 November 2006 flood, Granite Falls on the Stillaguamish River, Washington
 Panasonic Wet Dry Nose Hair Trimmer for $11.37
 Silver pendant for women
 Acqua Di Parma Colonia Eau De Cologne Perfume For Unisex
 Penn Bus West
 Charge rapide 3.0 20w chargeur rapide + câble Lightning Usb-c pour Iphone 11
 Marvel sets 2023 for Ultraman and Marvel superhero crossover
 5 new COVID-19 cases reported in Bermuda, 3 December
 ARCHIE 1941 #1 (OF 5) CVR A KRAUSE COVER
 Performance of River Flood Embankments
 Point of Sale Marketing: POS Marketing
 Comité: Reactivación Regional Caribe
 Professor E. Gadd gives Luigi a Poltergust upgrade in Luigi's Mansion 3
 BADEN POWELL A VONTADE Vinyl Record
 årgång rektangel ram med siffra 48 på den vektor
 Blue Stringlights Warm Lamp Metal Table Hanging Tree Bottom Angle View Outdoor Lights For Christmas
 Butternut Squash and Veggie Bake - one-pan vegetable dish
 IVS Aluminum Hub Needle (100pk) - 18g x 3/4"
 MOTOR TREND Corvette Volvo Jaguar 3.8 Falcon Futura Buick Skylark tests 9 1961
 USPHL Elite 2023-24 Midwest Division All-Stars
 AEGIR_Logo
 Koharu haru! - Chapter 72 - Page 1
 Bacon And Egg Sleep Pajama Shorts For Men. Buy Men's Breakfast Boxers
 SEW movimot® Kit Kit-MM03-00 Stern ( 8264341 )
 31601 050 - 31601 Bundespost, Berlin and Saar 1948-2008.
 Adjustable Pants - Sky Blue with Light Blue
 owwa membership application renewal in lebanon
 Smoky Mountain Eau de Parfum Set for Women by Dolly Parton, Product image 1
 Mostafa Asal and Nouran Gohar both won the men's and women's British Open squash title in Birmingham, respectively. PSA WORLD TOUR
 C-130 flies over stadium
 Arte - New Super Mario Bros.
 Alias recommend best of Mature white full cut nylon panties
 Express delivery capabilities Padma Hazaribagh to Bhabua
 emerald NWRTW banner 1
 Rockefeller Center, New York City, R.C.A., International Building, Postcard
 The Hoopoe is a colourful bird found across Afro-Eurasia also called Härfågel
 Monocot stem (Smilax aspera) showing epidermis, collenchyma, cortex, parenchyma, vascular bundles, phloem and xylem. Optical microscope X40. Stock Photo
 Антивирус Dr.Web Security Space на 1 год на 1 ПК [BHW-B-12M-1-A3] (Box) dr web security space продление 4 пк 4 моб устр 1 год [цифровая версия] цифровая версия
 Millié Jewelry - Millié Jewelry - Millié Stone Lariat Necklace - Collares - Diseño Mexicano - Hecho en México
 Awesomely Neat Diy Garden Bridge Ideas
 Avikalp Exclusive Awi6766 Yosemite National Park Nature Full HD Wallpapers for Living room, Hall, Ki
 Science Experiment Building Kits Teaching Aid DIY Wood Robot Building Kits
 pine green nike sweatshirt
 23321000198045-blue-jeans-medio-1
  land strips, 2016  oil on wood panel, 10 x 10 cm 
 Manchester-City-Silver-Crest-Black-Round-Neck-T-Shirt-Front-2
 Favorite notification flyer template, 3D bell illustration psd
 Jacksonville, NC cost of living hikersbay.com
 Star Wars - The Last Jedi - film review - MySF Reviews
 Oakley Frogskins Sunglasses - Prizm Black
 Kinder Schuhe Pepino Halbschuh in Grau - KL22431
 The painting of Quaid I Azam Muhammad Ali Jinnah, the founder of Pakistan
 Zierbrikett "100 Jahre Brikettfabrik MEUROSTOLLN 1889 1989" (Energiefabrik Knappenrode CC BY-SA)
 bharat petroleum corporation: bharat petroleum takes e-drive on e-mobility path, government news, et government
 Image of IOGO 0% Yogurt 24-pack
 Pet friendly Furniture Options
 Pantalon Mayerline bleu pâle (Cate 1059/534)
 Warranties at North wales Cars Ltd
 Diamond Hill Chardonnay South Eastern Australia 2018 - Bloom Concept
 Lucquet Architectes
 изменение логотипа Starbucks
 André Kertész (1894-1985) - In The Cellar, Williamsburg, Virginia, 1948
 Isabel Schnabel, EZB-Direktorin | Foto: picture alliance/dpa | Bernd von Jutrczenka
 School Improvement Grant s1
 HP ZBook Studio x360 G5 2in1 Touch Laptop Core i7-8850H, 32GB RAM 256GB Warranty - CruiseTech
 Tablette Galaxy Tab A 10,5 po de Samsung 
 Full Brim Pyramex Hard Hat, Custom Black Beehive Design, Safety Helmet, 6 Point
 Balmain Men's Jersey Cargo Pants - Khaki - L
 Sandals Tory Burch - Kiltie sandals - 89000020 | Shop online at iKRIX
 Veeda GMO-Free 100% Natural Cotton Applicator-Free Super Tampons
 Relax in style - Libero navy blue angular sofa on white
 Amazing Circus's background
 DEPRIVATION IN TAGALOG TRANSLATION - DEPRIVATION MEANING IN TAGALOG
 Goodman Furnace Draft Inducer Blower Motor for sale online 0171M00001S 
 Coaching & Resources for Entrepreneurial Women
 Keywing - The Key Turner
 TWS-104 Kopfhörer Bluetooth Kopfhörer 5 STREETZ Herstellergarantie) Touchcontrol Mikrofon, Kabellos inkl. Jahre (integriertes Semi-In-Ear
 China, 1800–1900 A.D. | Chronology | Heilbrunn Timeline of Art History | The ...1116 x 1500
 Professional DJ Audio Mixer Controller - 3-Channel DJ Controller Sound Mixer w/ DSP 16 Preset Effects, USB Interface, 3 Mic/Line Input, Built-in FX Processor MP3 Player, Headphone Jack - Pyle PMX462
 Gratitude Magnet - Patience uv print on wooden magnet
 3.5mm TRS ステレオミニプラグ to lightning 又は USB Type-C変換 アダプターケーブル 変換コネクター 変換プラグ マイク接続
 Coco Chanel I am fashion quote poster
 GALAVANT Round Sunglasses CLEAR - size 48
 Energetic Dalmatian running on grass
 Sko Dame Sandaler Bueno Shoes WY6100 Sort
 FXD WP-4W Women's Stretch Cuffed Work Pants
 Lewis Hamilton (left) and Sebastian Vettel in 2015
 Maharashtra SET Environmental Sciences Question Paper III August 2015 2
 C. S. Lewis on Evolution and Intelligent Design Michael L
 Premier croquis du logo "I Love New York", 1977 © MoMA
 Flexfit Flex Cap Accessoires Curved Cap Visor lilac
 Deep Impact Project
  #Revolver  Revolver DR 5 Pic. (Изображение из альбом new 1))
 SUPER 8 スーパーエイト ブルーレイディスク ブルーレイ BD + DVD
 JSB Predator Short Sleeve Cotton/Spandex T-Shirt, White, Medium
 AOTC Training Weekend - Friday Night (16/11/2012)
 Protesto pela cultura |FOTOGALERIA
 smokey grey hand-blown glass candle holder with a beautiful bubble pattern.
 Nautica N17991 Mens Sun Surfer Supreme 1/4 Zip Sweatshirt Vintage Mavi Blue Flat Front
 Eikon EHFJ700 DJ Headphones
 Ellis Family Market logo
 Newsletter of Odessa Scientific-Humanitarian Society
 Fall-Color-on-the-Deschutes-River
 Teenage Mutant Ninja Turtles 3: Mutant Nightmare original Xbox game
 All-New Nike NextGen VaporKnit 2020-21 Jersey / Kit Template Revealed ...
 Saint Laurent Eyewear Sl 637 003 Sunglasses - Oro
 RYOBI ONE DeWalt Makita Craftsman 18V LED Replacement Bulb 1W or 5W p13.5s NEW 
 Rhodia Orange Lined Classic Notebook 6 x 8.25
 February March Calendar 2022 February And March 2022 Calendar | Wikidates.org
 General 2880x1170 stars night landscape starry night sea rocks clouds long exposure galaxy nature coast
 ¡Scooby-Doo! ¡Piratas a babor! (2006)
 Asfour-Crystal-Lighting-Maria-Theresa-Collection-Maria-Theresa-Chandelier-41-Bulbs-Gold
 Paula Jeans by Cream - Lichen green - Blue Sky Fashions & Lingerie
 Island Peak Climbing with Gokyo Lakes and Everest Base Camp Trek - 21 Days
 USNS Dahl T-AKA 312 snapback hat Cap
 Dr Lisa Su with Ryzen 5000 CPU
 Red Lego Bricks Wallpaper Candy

**Work instructions**
Look through the material above and print exactly the lines from the one containing "Acqua Di Parma" to the one containing "Rockefeller Center, New", both included, and nothing more.

**Answer section**
 Acqua Di Parma Colonia Eau De Cologne Perfume For Unisex
 Penn Bus West
 Charge rapide 3.0 20w chargeur rapide + câble Lightning Usb-c pour Iphone 11
 Marvel sets 2023 for Ultraman and Marvel superhero crossover
 5 new COVID-19 cases reported in Bermuda, 3 December
 ARCHIE 1941 #1 (OF 5) CVR A KRAUSE COVER
 Performance of River Flood Embankments
 Point of Sale Marketing: POS Marketing
 Comité: Reactivación Regional Caribe
 Professor E. Gadd gives Luigi a Poltergust upgrade in Luigi's Mansion 3
 BADEN POWELL A VONTADE Vinyl Record
 årgång rektangel ram med siffra 48 på den vektor
 Blue Stringlights Warm Lamp Metal Table Hanging Tree Bottom Angle View Outdoor Lights For Christmas
 Butternut Squash and Veggie Bake - one-pan vegetable dish
 IVS Aluminum Hub Needle (100pk) - 18g x 3/4"
 MOTOR TREND Corvette Volvo Jaguar 3.8 Falcon Futura Buick Skylark tests 9 1961
 USPHL Elite 2023-24 Midwest Division All-Stars
 AEGIR_Logo
 Koharu haru! - Chapter 72 - Page 1
 Bacon And Egg Sleep Pajama Shorts For Men. Buy Men's Breakfast Boxers
 SEW movimot® Kit Kit-MM03-00 Stern ( 8264341 )
 31601 050 - 31601 Bundespost, Berlin and Saar 1948-2008.
 Adjustable Pants - Sky Blue with Light Blue
 owwa membership application renewal in lebanon
 Smoky Mountain Eau de Parfum Set for Women by Dolly Parton, Product image 1
 Mostafa Asal and Nouran Gohar both won the men's and women's British Open squash title in Birmingham, respectively. PSA WORLD TOUR
 C-130 flies over stadium
 Arte - New Super Mario Bros.
 Alias recommend best of Mature white full cut nylon panties
 Express delivery capabilities Padma Hazaribagh to Bhabua
 emerald NWRTW banner 1
 Rockefeller Center, New York City, R.C.A., International Building, Postcard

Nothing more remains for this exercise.